Шли потомки крестоносцев, католики, со своим специфическим восприятием христианства. Таким же радостным маршем католическо-протестантский мир пронесся над Сербией, думая разрешить древние проблемы древнего народа огнем и мечом, с надеждой в стиле Черепашек Ниндзя победить всех “злодеев” и спасти все их “невинные жертвы”. Увы, Америка, да и нынешняя, союзная с ней, Европа выросли не на христианских идеалах, а на подростковых представлениях о всемогуществе силы, растиражированных Голливудом и Уолтом Диснеем. И вот теперь, казалось, сама суть западного мира маршировала узеньким иерусалимским переулком, взрывая на несколько минут привычный, веками сложившийся, ритм ее жизни, который потом вновь смыкался за гремящей, бестолково - радостно - воинственной колонной, будто ее здесь и не было.
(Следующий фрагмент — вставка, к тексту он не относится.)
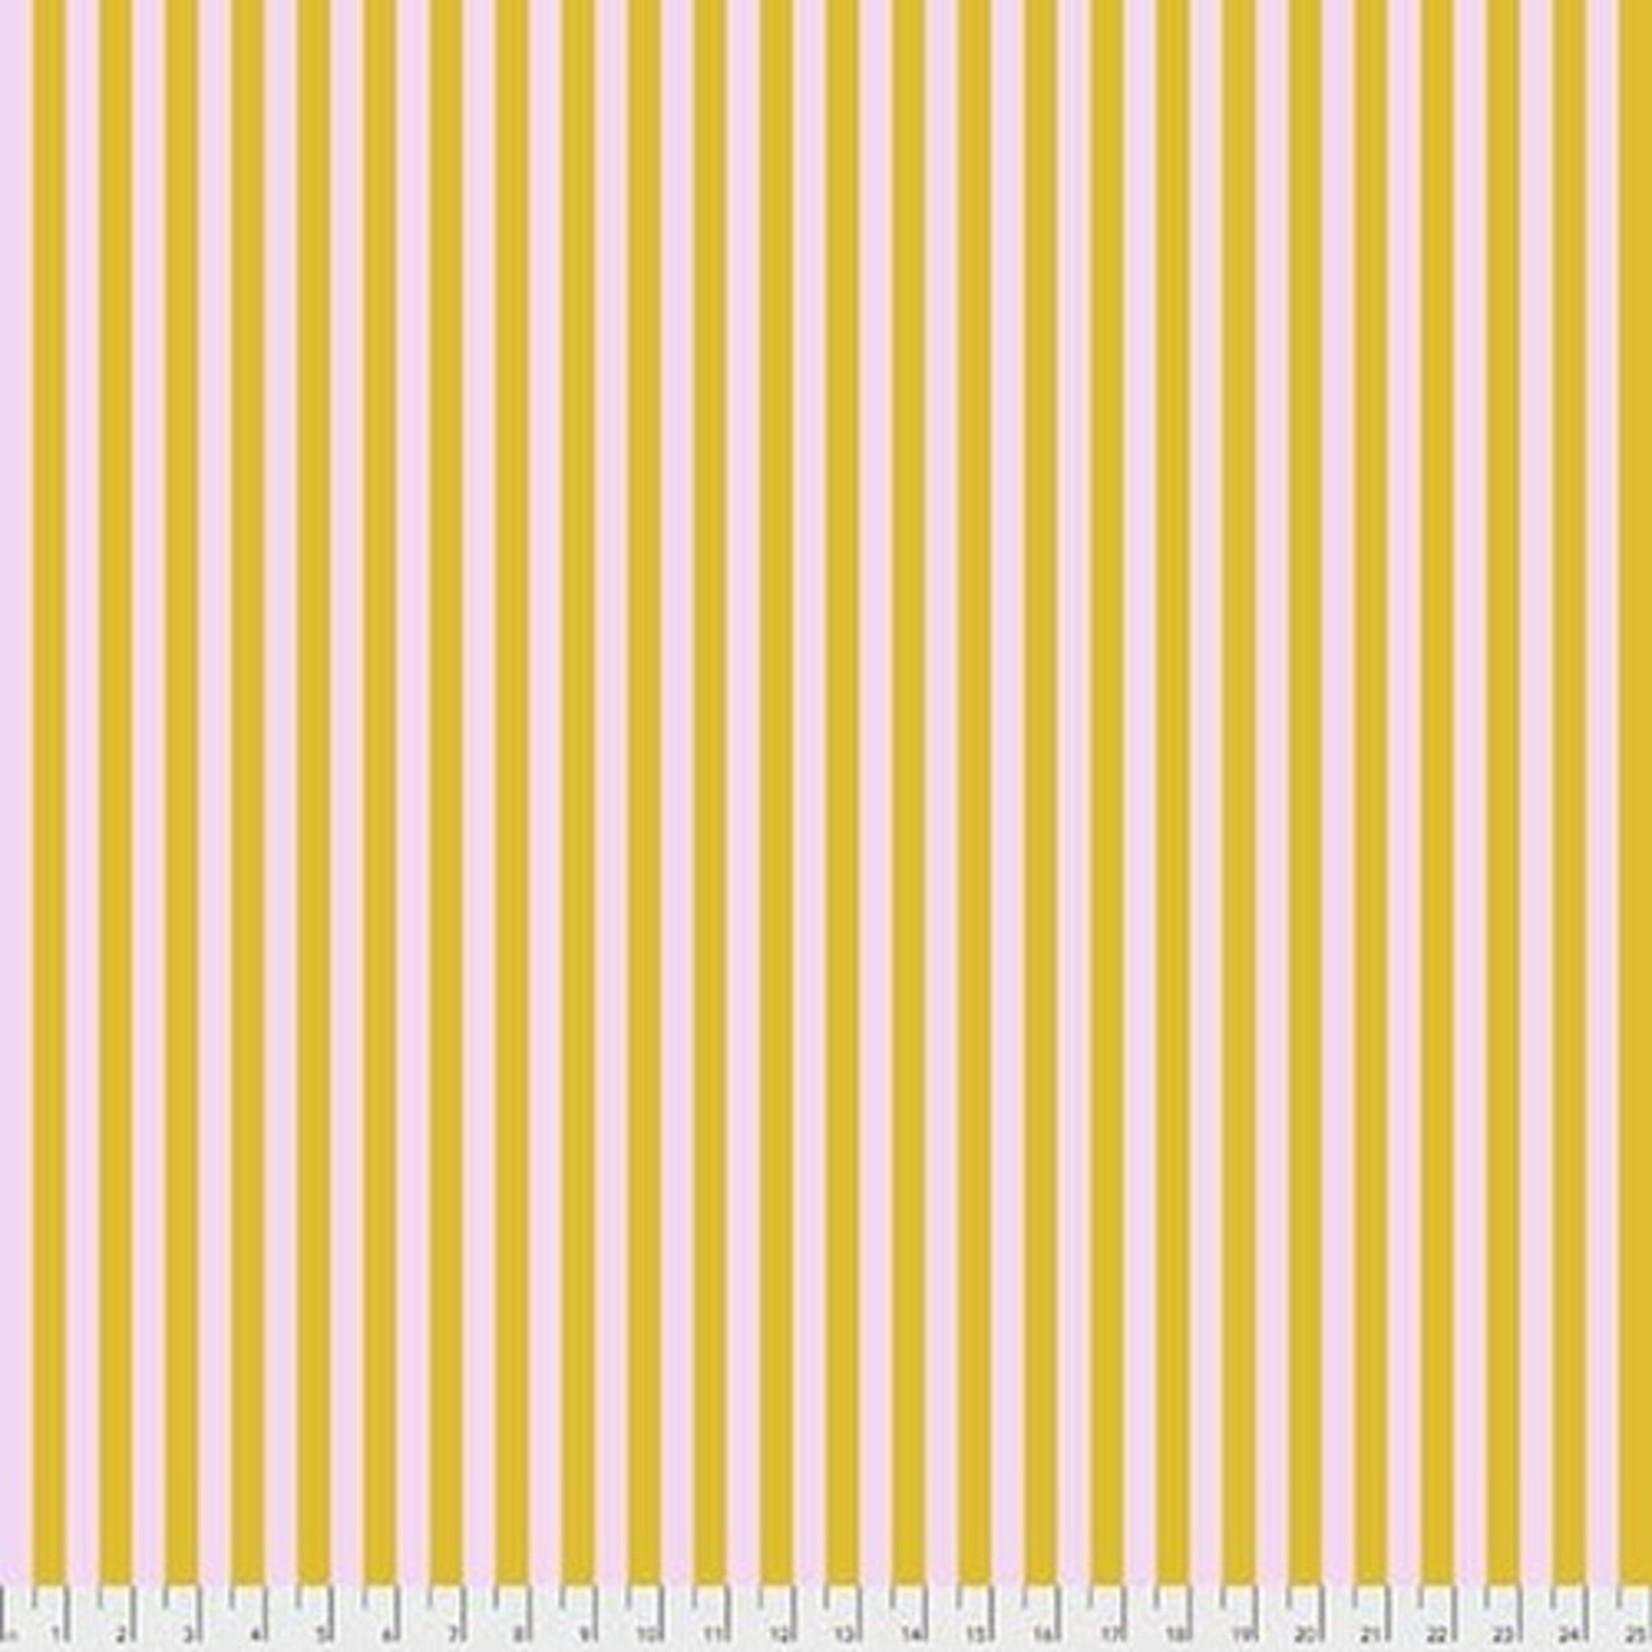 Tula Pink Tula Tent Stripe- Marigold 0.17 per cm or $17/m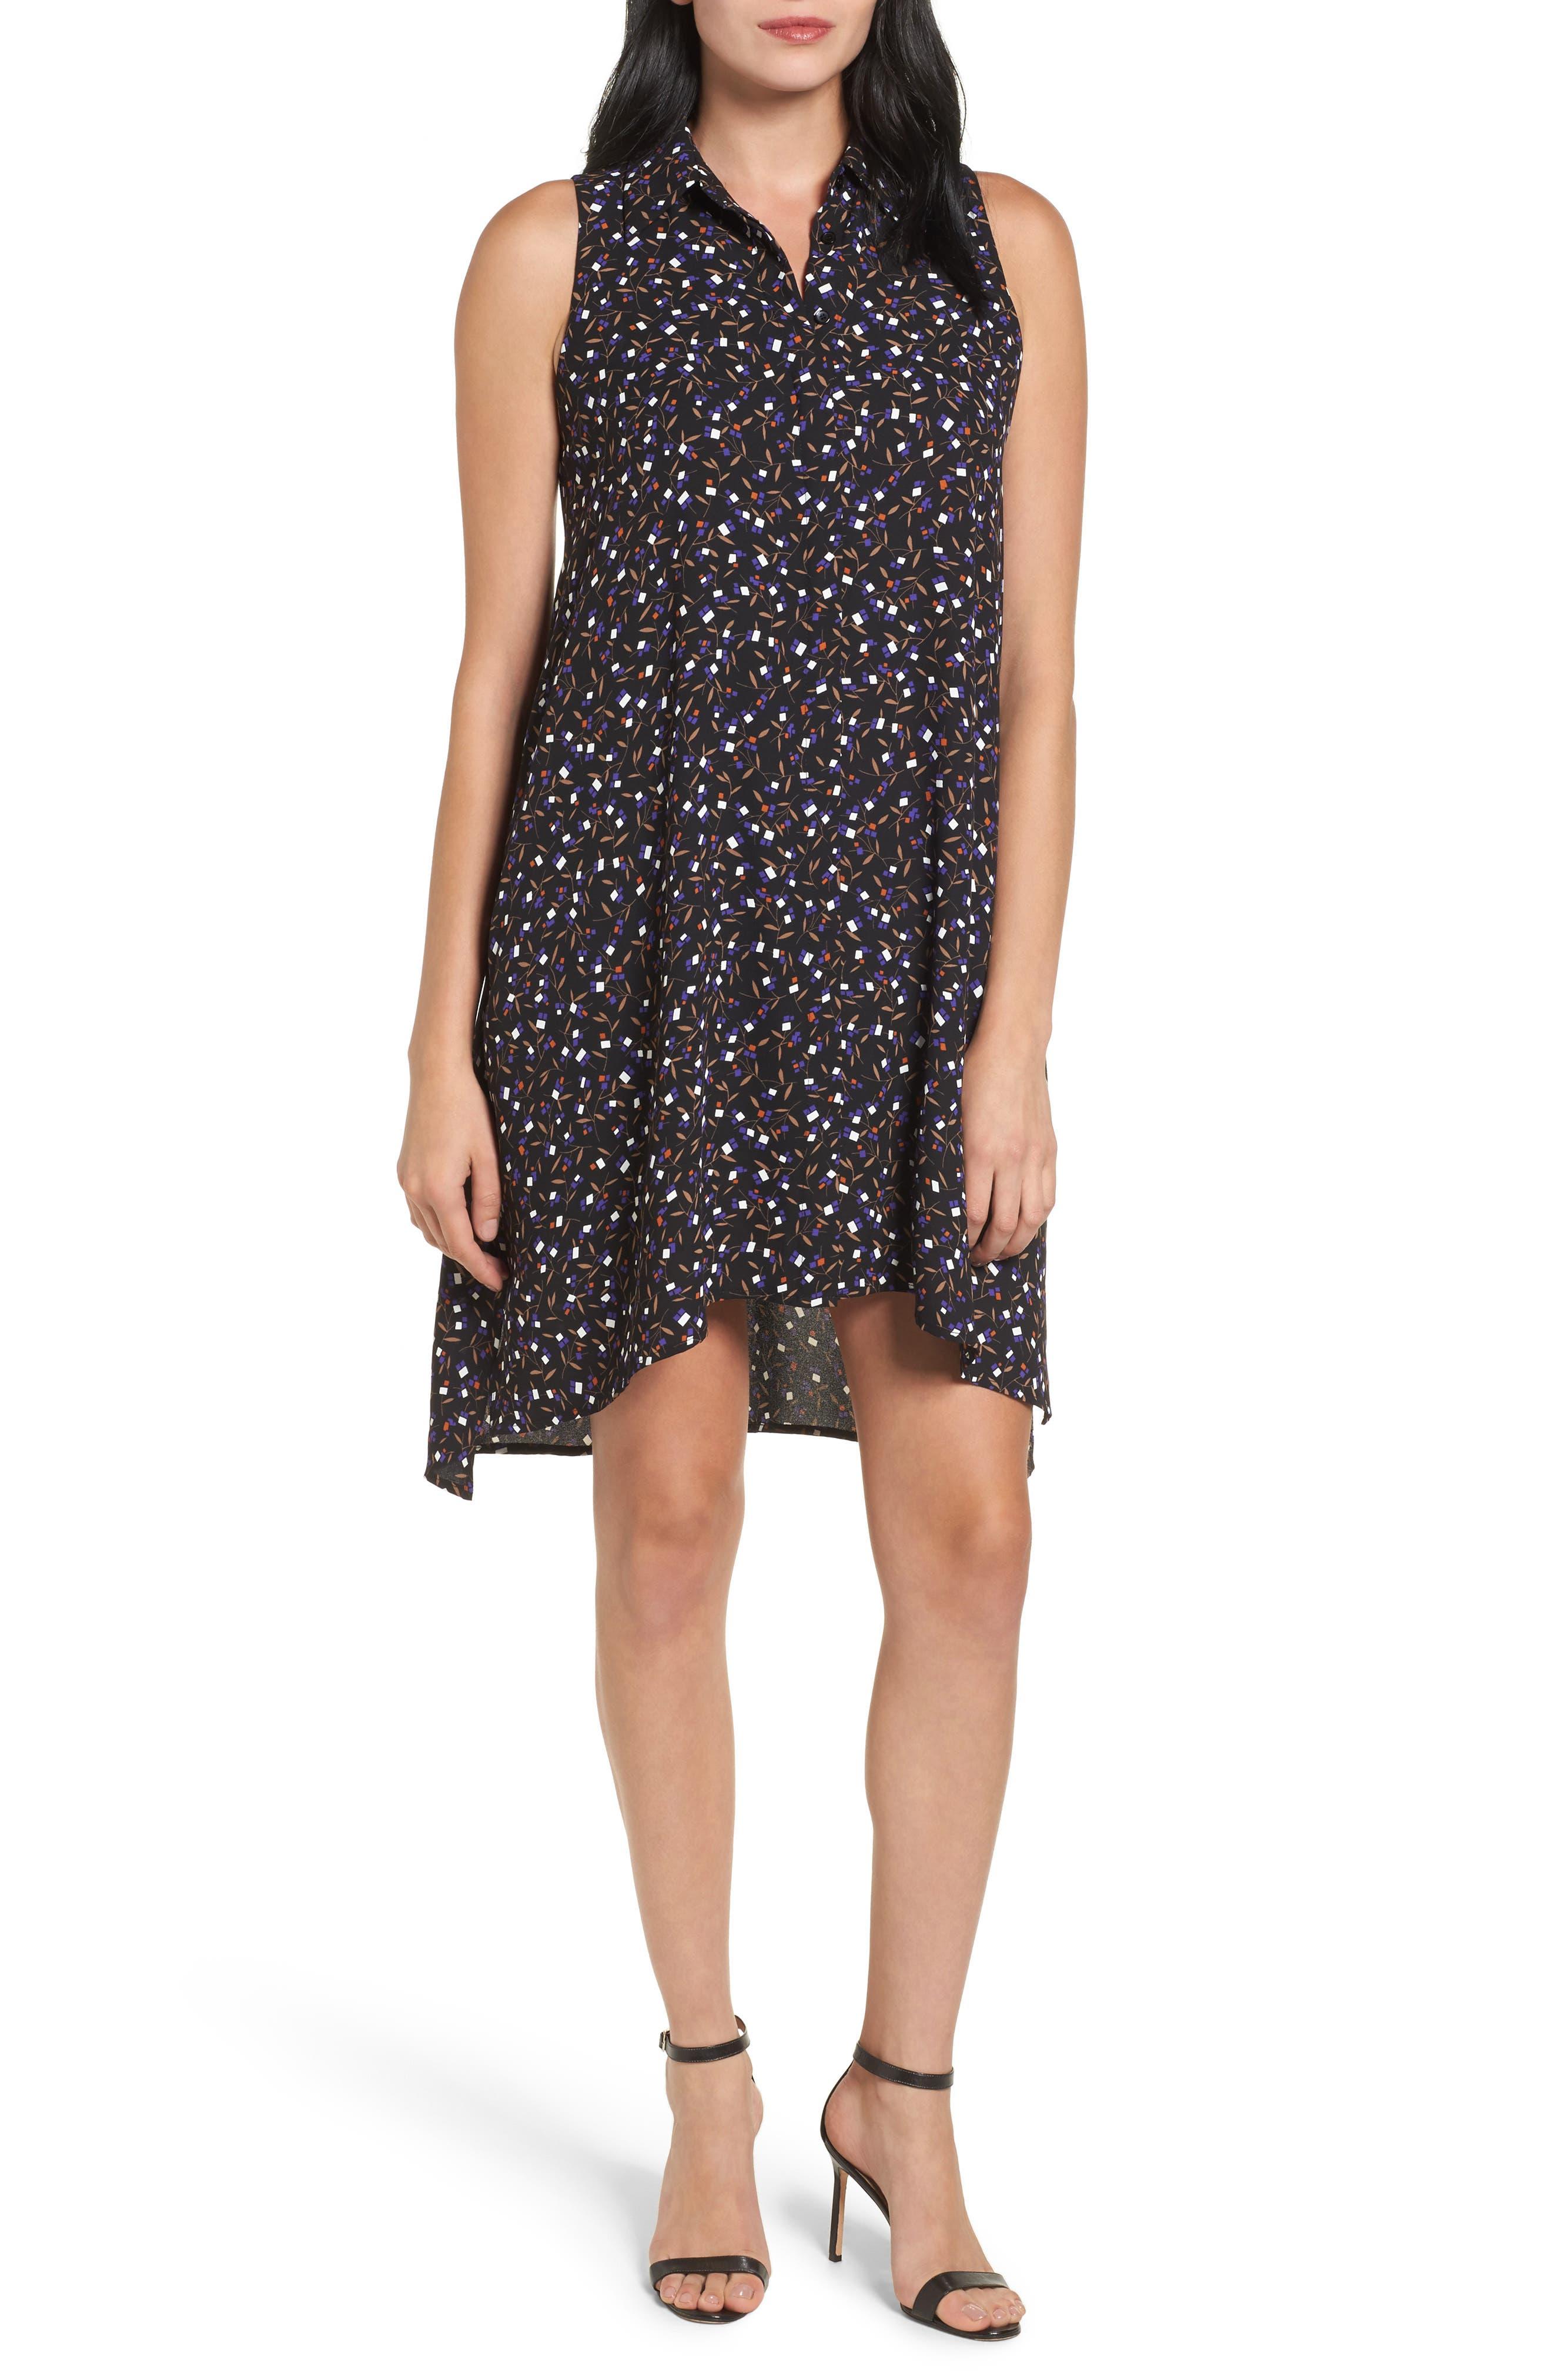 Polo Dress,                             Main thumbnail 1, color,                             Black/ Mushroom Combo

Выбравшись, в конце концов, за ворота древнего города, мы были просто потрясены степенью загаженности прилежащего к его стенам парка. А мы-то думали, что Москва – грязный и дорогой город. Что вы! В сравнение с Иерусалимом – дешевый и чистый. Столько разнообразнейшего мусора на единицу площади у нас можно увидеть только на каком-нибудь рынке сразу после его закрытия. Бумажки, коробки, окурки, банки, тряпки, пластиковые и стеклянные бутылки - и добрая половина этого “добра” взмывает ввысь при каждом порыве ветра и, описывая плавные круги в его вихревых потоках, вновь возвращается на грешную землю Иерусалима. Тяжелое, мучительное впечатление. Быть может, думали мы, кончится шабад, и выйдут трудолюбивые иудейские дворники, и город засияет первозданной чистотой. Увы - видно было - за один день так загадить все обозримое пространство не смогли бы даже беспокойные арабы. Такой бардак копится неделями.

В поисках маршрутного такси мы решили обогнуть стену Старого Города, так как все виденные нами к тому моменту машины, напоминающие русские маршрутки, не внушали доверия. Водителями в них были арабы слишком уж разбойничьего вида, их портреты могли бы украсить любой стенд с надписью: «Их разыскивает милиция». Мы спокойно шли по тротуару, узкой полоской вклиненному между древней стеной и современным шоссе. И вот тут-то, когда мы чувствовали себя в безопасности, будучи единственными пешеходами в этом безлюдном месте, и вот тут-то город, убивающий пророков, и к нам обернулся своим звериным оскалом. Внезапно я почувствовал резкий рывок. Когда я понял, что происходит, все уже кончилось, - автомобиль с четырьмя арабами газанул и через несколько секунд скрылся за поворотом. Так мы получили фактическое подтверждение того, что здесь действительно опасно ходить по улицам, в отличии от Москвы, где подобный риск многократно раздут журналистами. Сумка осталась на моем плече, как говорится, чудом, и наверняка с Божьей помощью, - в ней лежали святыни храма Гроба Господня, и прежде всего - два пучка по тридцать три свечи, на которых лишь пару часов назад сиял Благодатный огонь! А также наши, привезенные из Москвы, иконы, освященные у Камня Помазания; четки, к которым мы так привыкли; и, конечно же, эта рукопись, тогда лишь начатая, но уже столь ценная для меня... Все это пронеслось в моей голове, лишь когда машина с арабами, так своеобразно готовящимися встретить Пасху, уже давно скрылась из виду. Надеюсь, они не православные - подумалось мне, и лишь теперь, с опозданием, я ощутил страх потерять содержимое сумки, и радость, что, слава Богу, все осталось при мне.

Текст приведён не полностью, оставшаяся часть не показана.